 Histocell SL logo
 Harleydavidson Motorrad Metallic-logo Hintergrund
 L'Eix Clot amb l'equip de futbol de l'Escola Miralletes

DIRECTIONS: What lines of the material above contain "logo"? Return each of them.

WRITTEN ANSWER:
 Histocell SL logo
 Harleydavidson Motorrad Metallic-logo Hintergrund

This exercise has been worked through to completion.